The biggest adjustment? The system the Kings play. On top of having one of the oldest cores in the NHL — there are seven regular players over the age of 32 — the Kings were maligned last season as being slow, lumbering and defensive in a league that had become quick, limber and offense-first.

“You can’t win the way you did in 2012 and 2014. There are some fundamentals that you can take away from that, but you gotta learn new things. Get better every day. If you get to a certain part of your career, and you’re not still trying to learn, it’ll pass you by, quick,” Blake said. “Part of the new structure here was being amenable to a new coaching style and system.”

McLellan is trying to rewrite the Kings’ DNA with a style that incorporates aspects of the way teams like the Sharks and Nashville Predators play. And he has little shame in admitting that inspiration.

When they worked together with the Detroit Red Wings, McLellan picked up a term from Mike Babcock: “R&D.” Not “research and development,” but “rob and do.”

“It’s a copycat league. Some teams are having success on a regular basis, and you have to adjust to it,” McLellan said. “Rob and do. Take the idea, adapt it to your team, execute it better than a team that might have more talent, and you win.”

For years, the Chicago Blackhawks and Los Angeles Kings would trade Stanley Cups, the former playing an offensive style and the latter playing a prototypical “heavy hockey” style. “No one should apologize for that. It’s great they won here. But today’s game is a little bit different than it was back then,” McLellan said. “The older players want to win again. And I think they recognize that there are things that have to change systematically. So far in camp, they’ve been receptive to that change.”

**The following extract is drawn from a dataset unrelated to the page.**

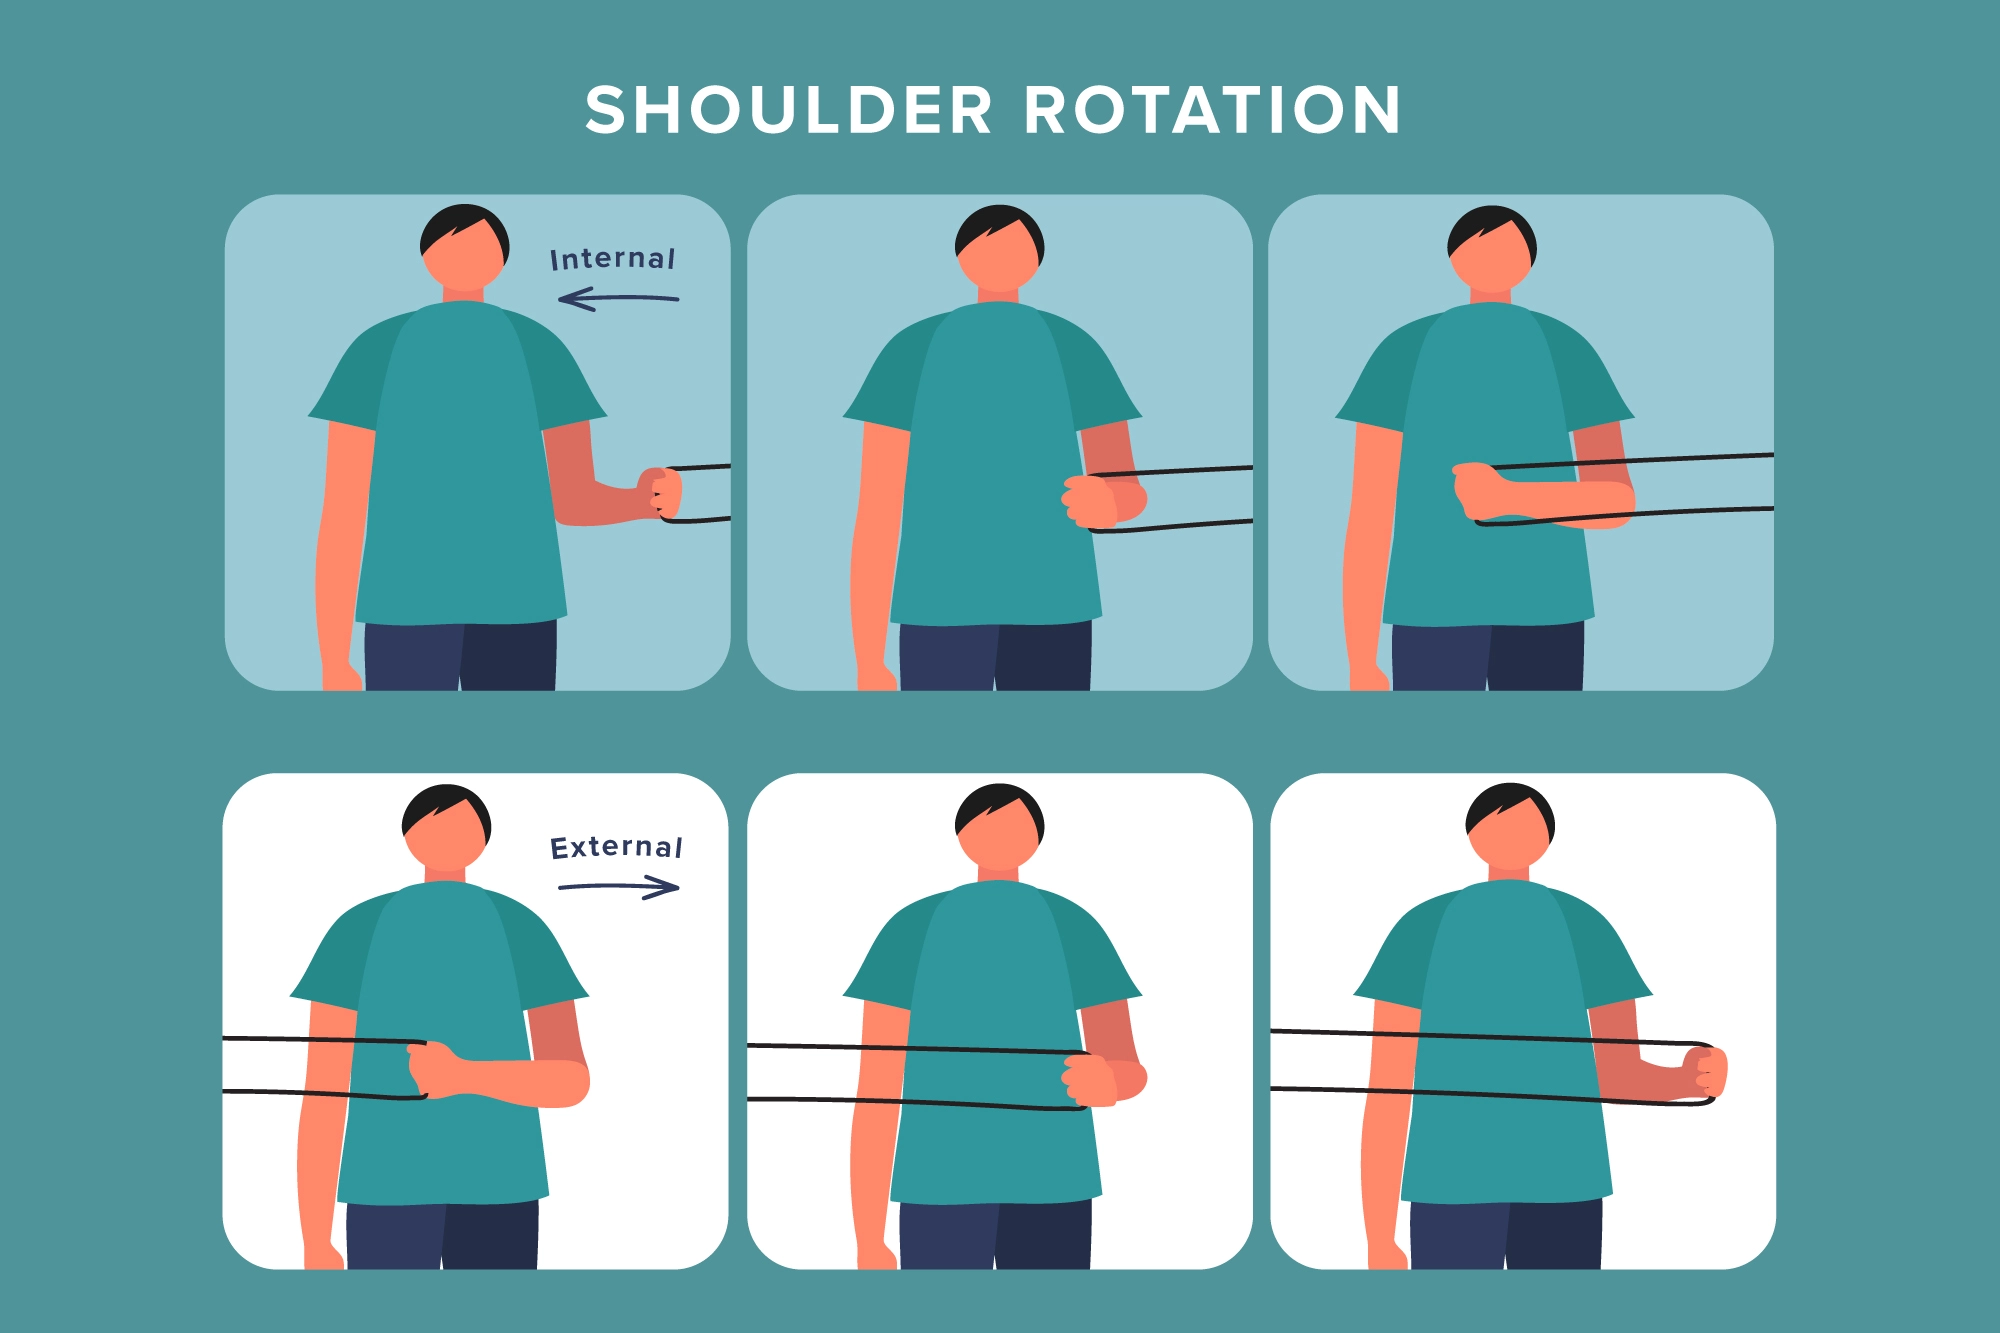 internal rotation shoulder stretch

Doughty likes what he sees.

“We’ve completely changed our systems. Instead of playing above the puck and letting the rush come at us, we’re trying to stop the rush at their blue line or the red line. Changing all those systems has caused us to be more aggressive without the puck,” he said. “The coaching staff here now is very detailed, very hard on us, very honest with us, which is the key thing.”

The other key thing: That the Los Angeles Kings know they’re no longer entitled to anything.